## Extracted entries
* * * *

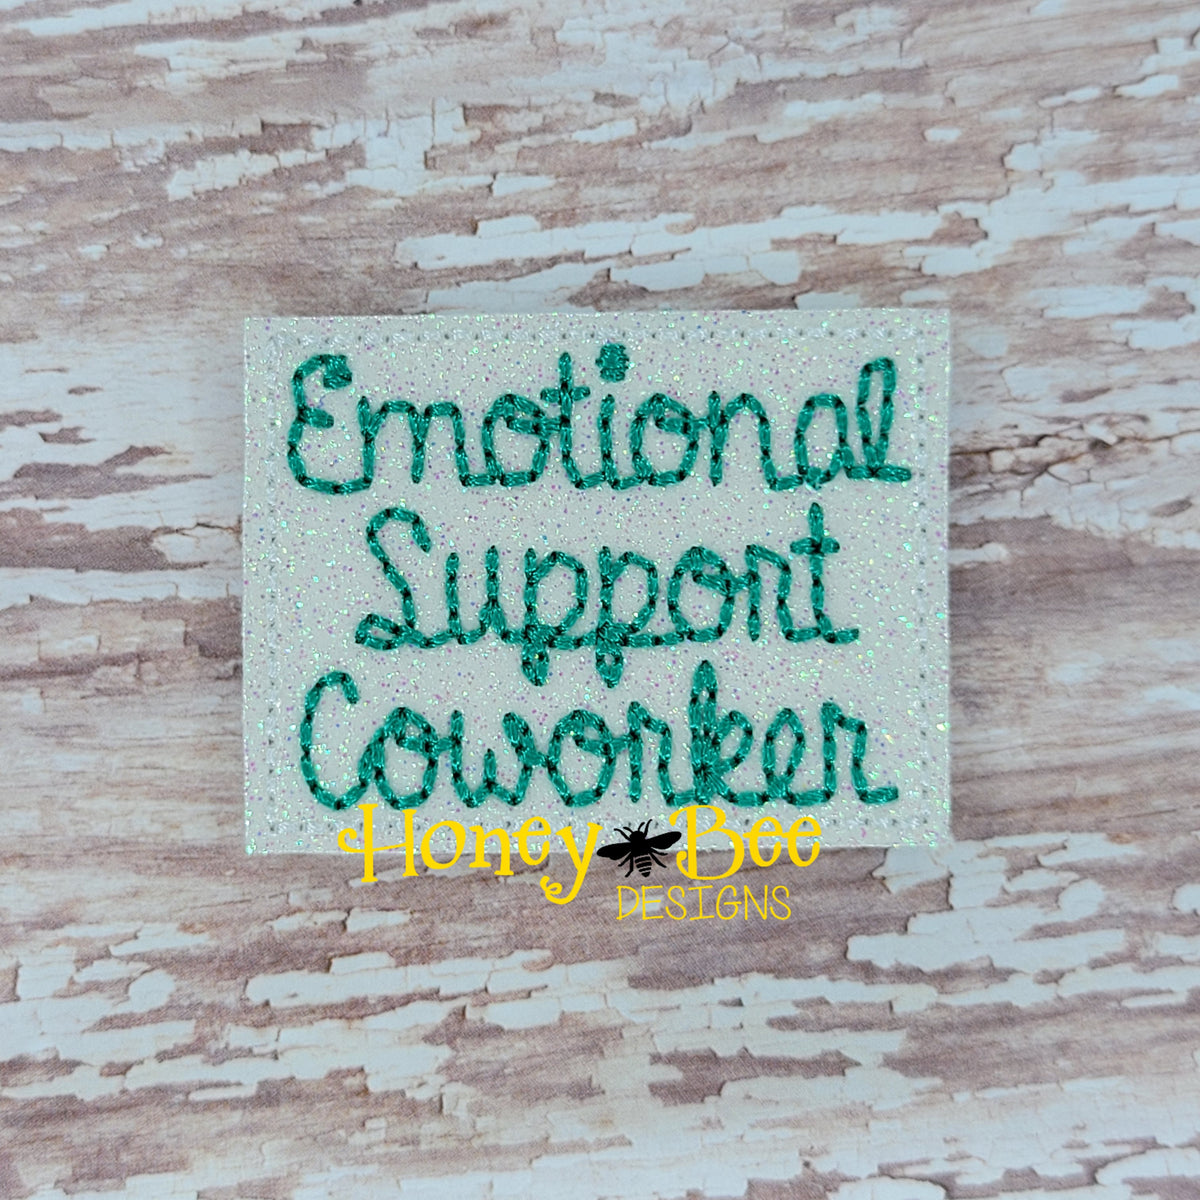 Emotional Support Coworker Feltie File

* * * *

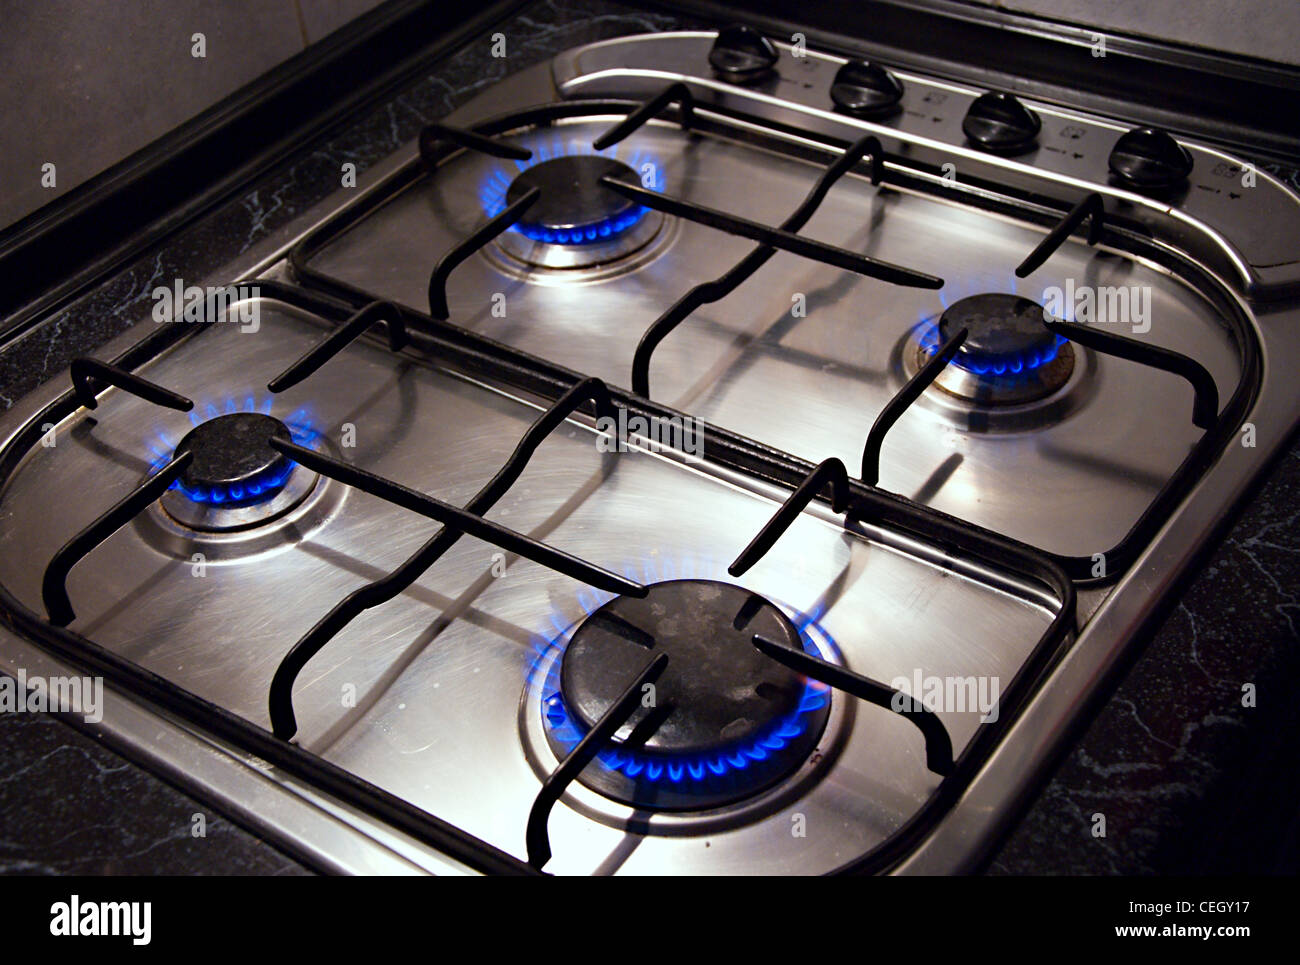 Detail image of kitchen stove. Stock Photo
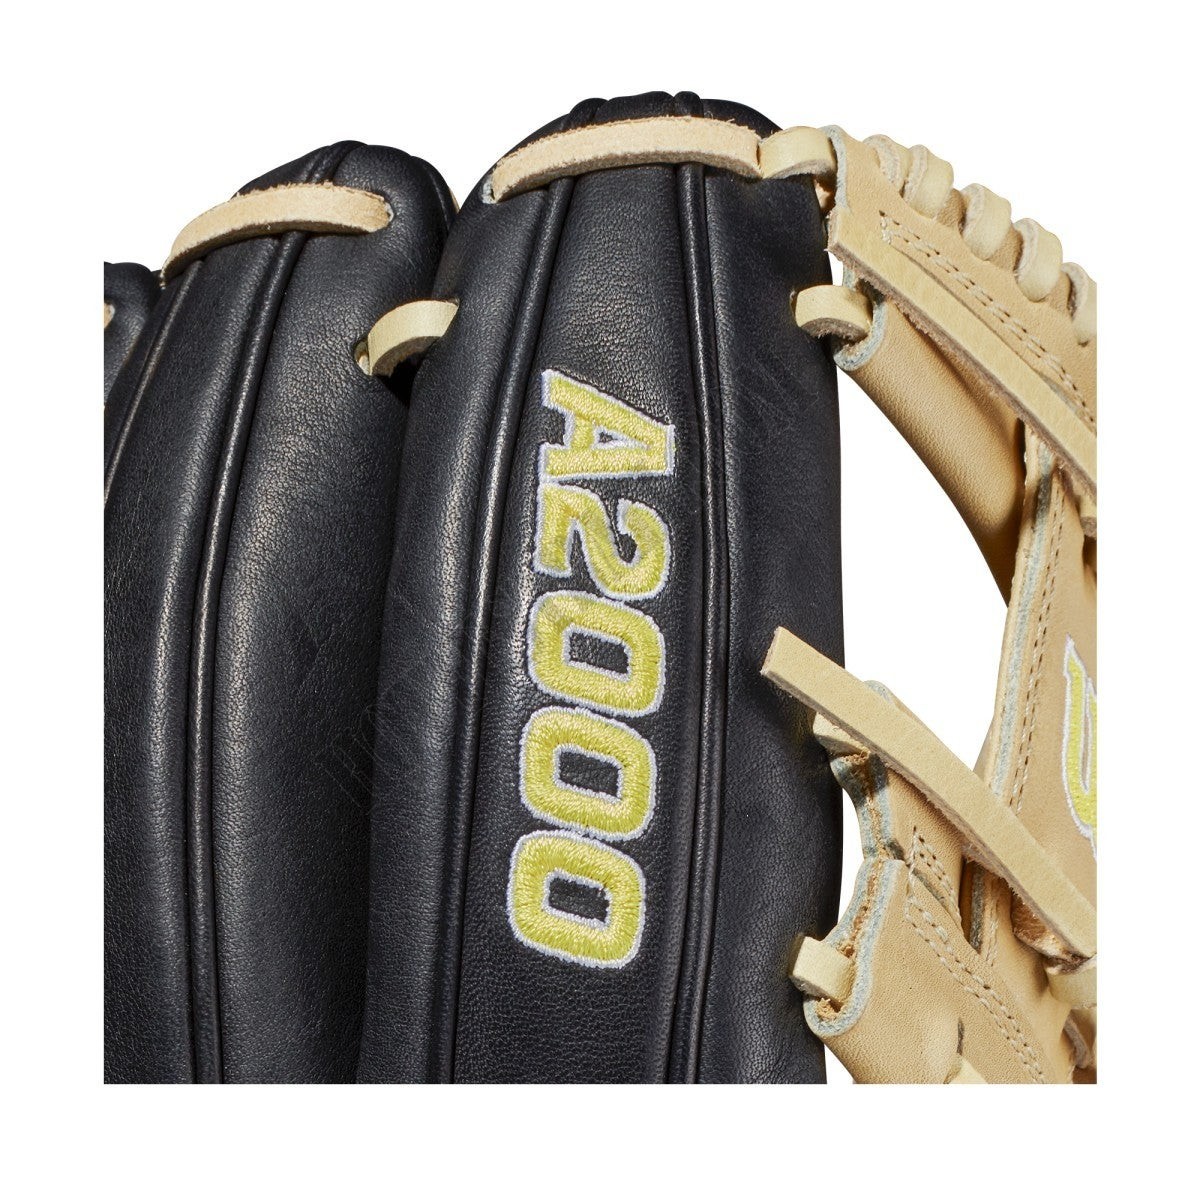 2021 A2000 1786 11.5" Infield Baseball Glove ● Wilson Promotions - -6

* * * *

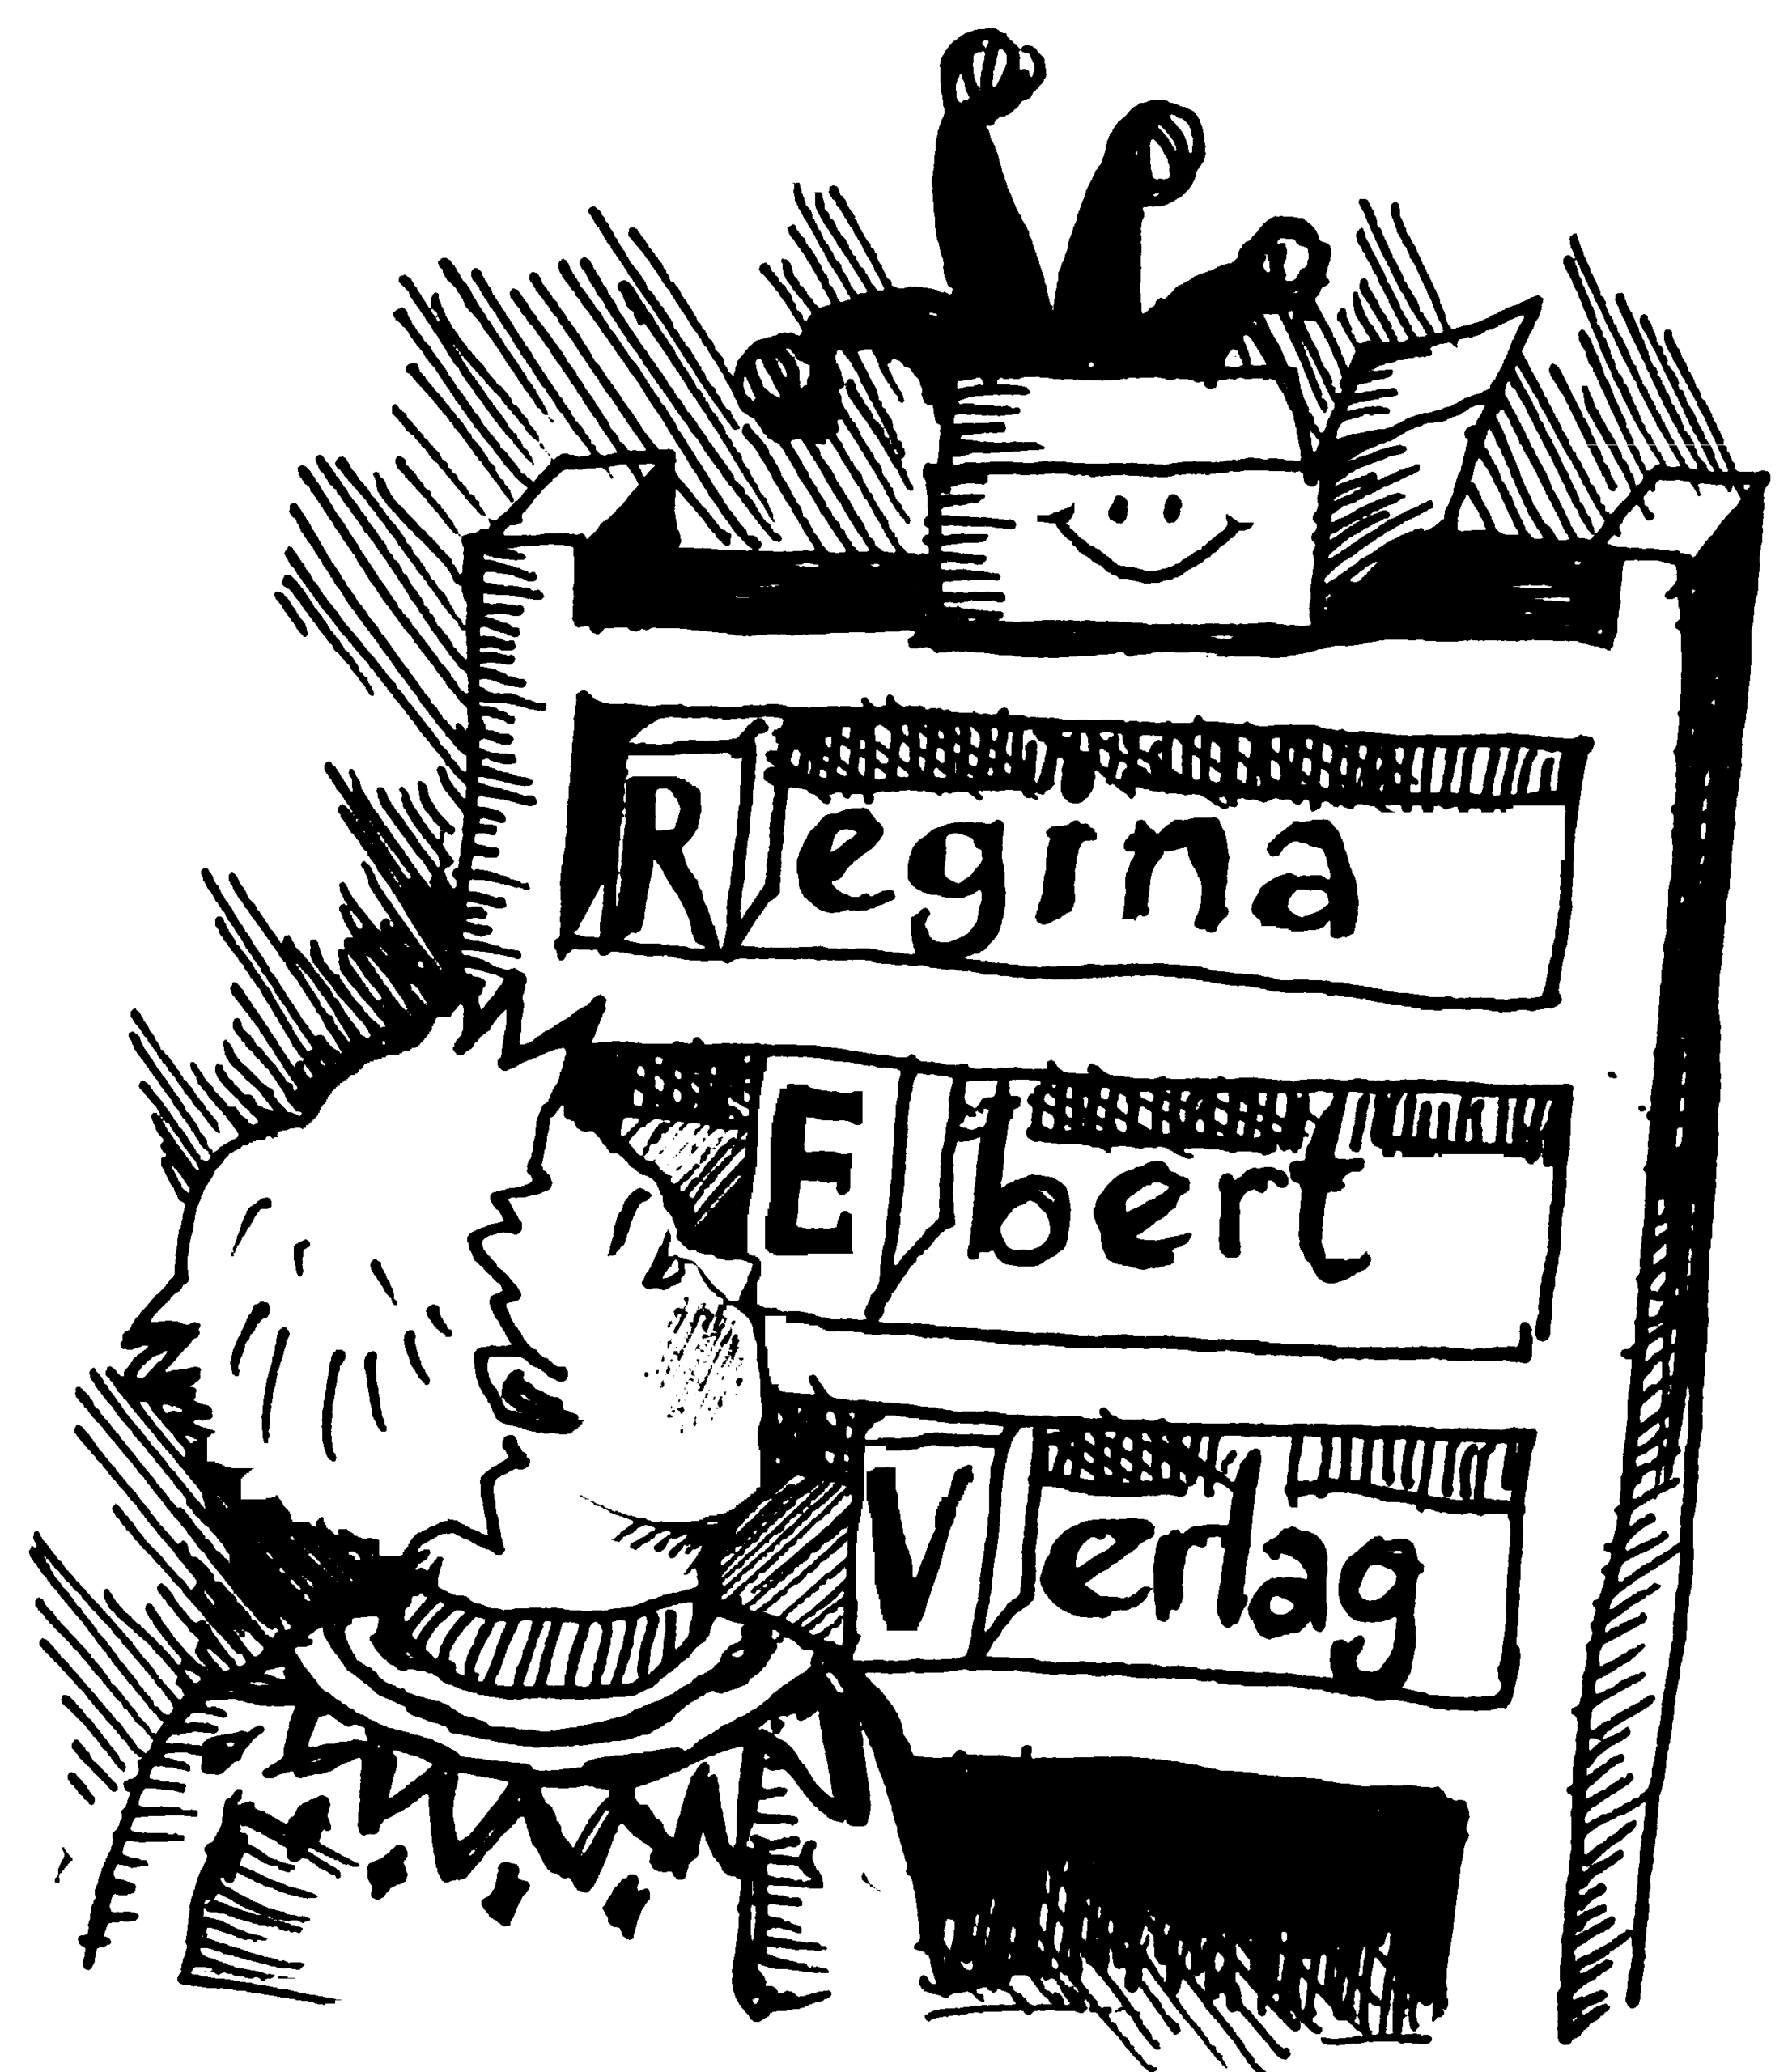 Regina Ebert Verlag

* * * *

Please return the data above exactly as it stands from the line with "Detail image of kitchen stove. Stock Photo" to the line with "2021 A2000 1786", keeping both of those lines but none of the pictures.

 Detail image of kitchen stove. Stock Photo
 2021 A2000 1786 11.5" Infield Baseball Glove ● Wilson Promotions - -6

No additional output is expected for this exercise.